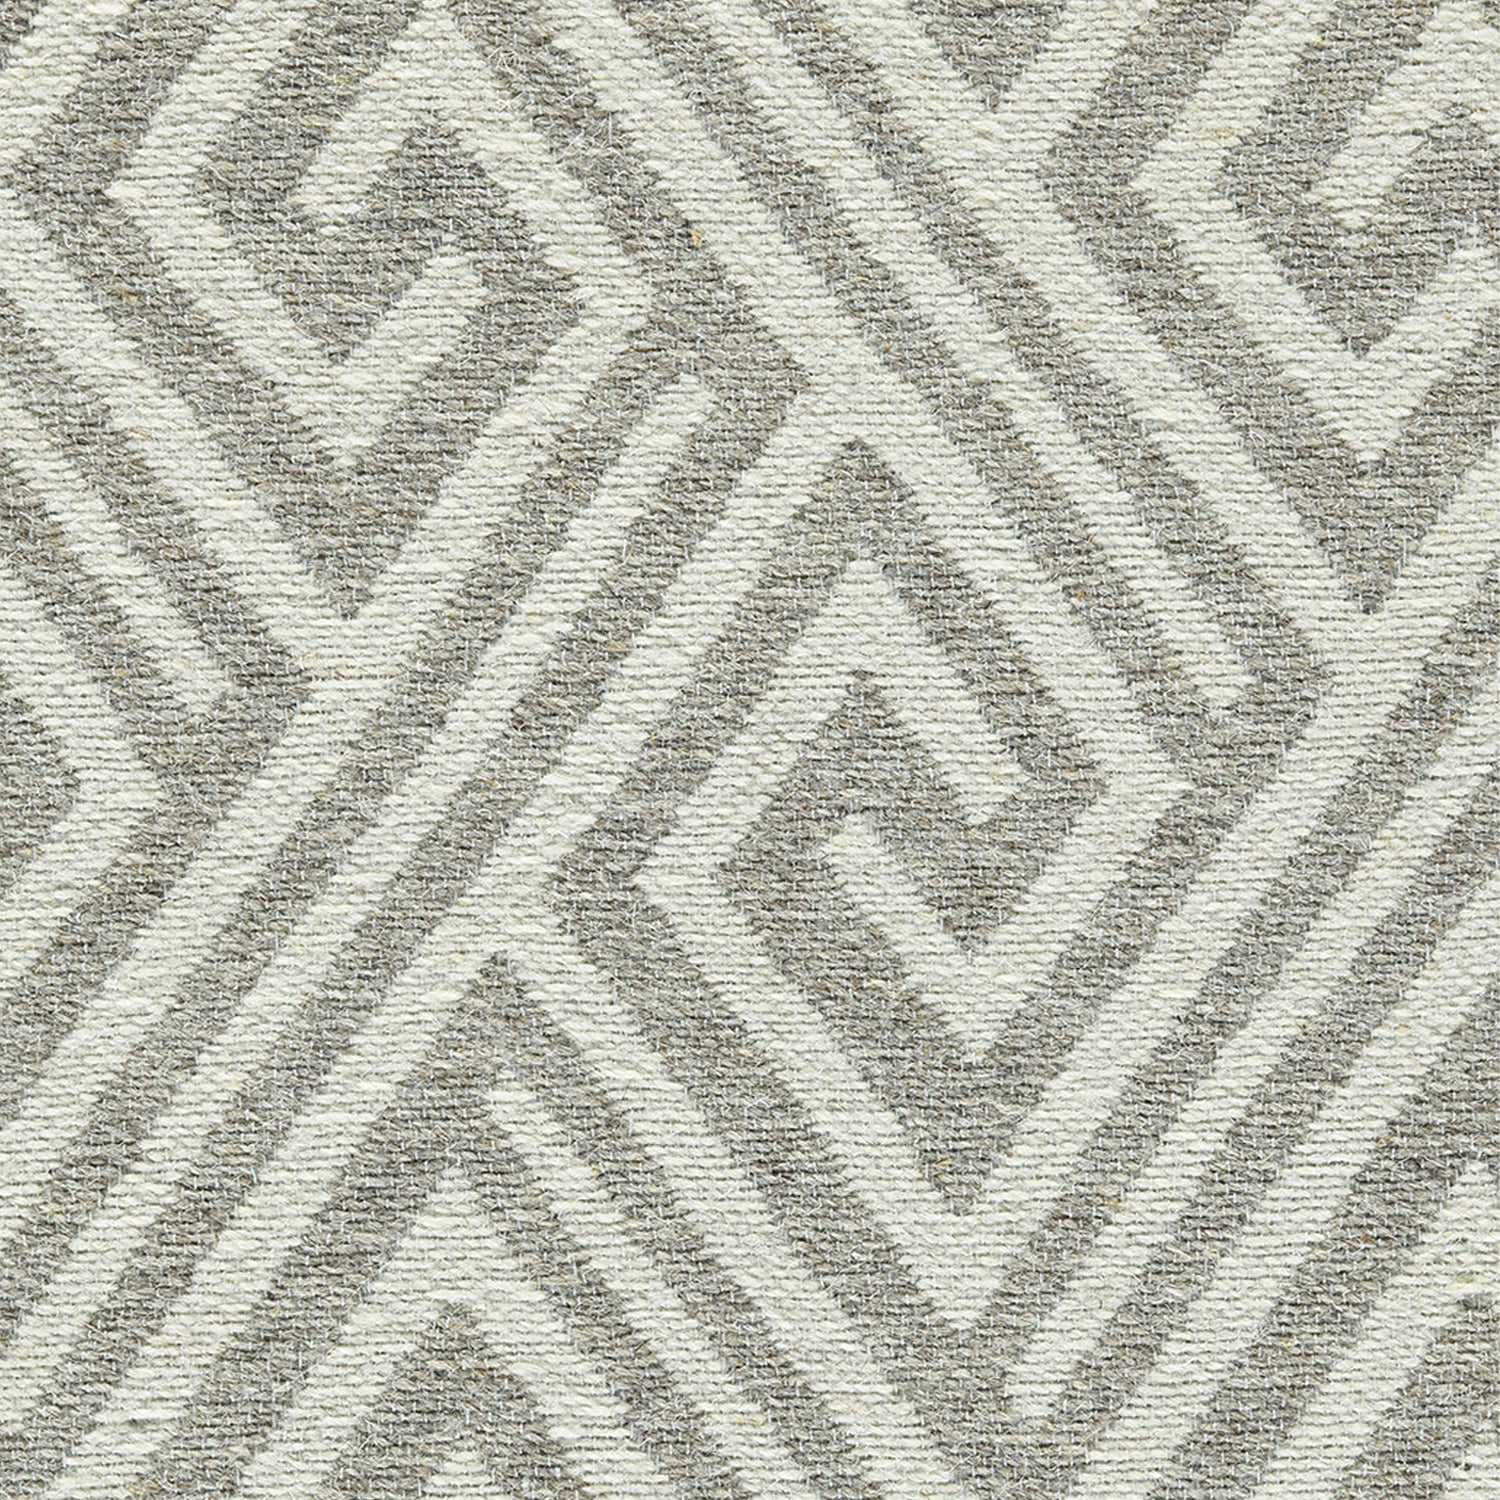 Wool-blend broadloom carpet swatch in an interlocking linear diamond pattern in cream and silver.
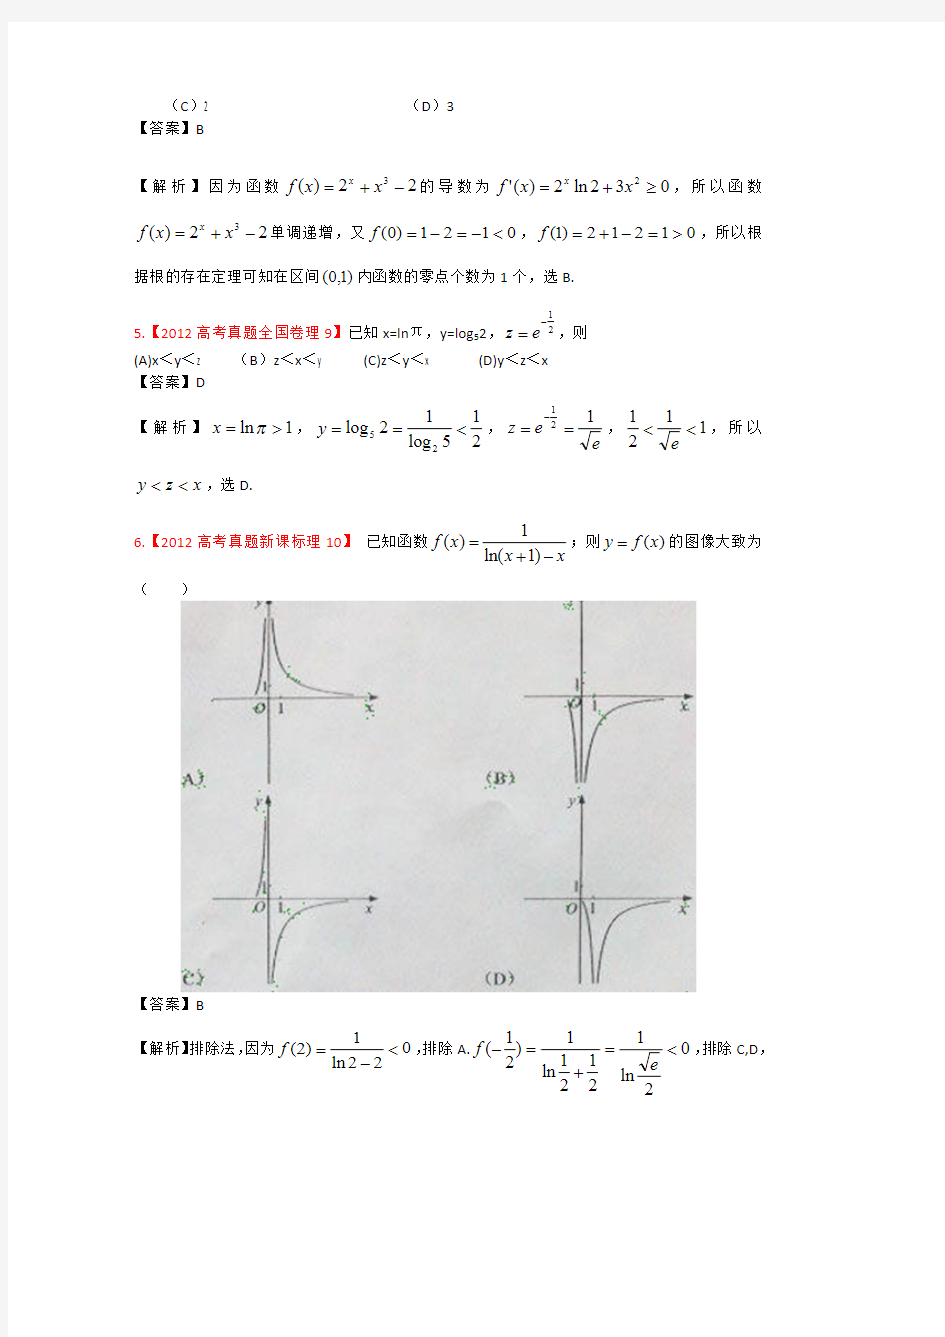 2012年高考真题汇编-理科数学(解析版)2：函数与方程
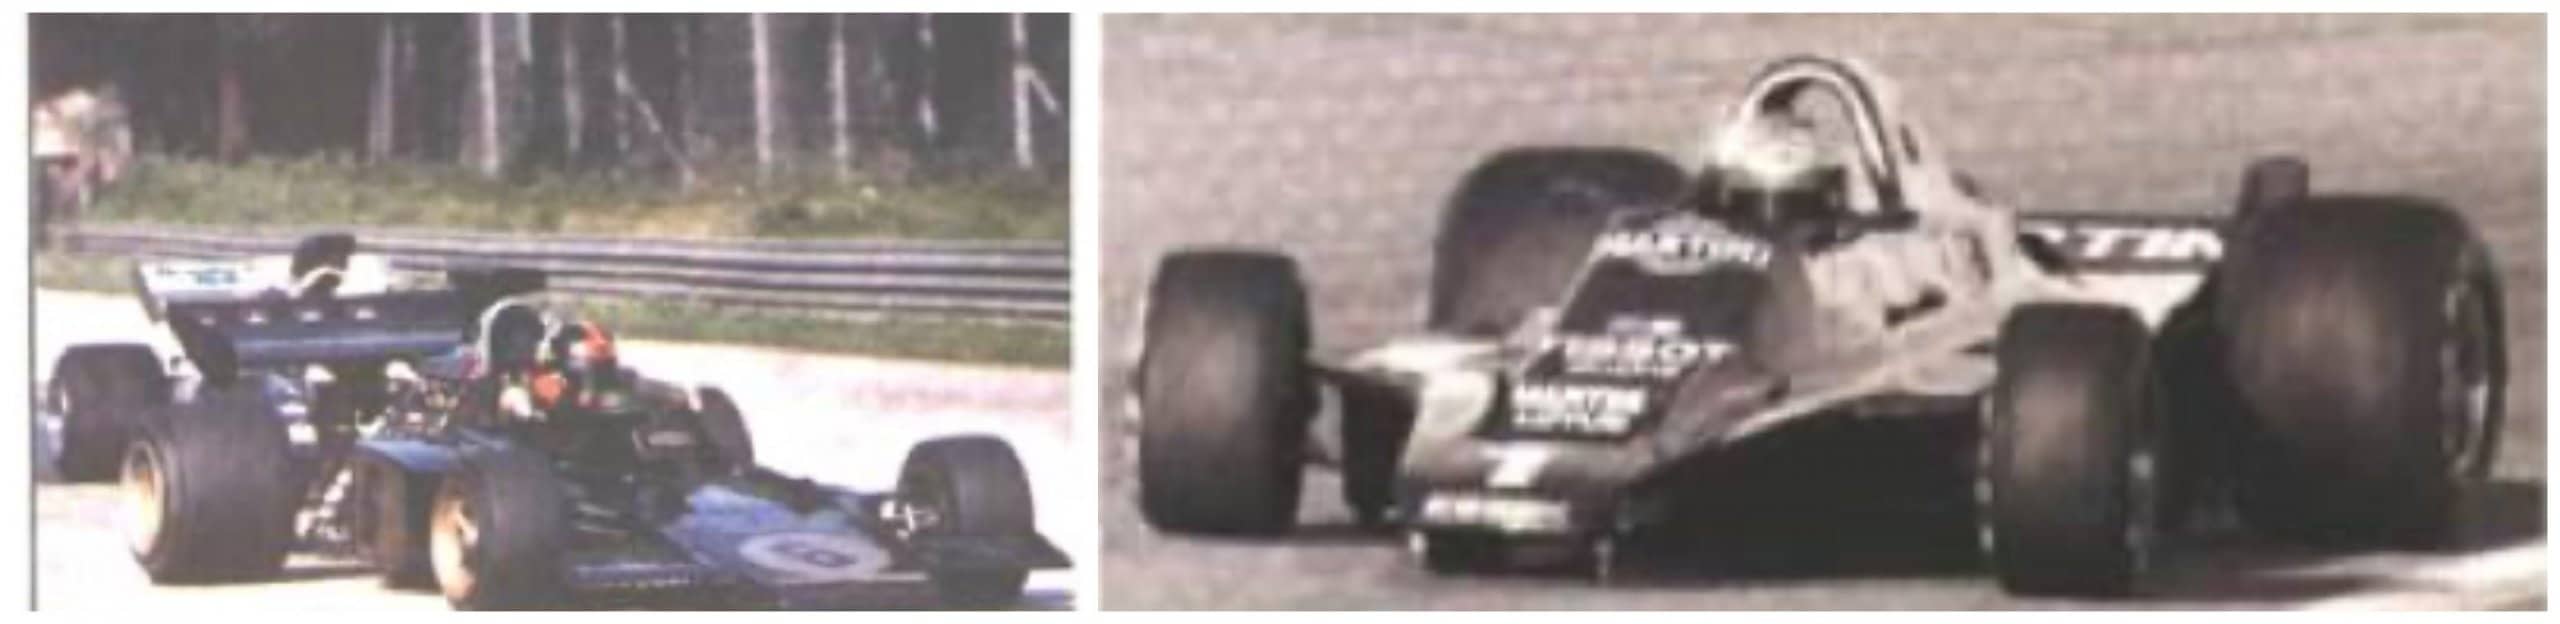 F1 Lotus 1970

**Description of the task**
Keep every word of the lines above unchanged in the copy, and omit the pictures.

**Written solution**
 Wool-blend broadloom carpet swatch in an interlocking linear diamond pattern in cream and silver.
 2012年高考真题汇编-理科数学(解析版)2：函数与方程
 F1 Lotus 1970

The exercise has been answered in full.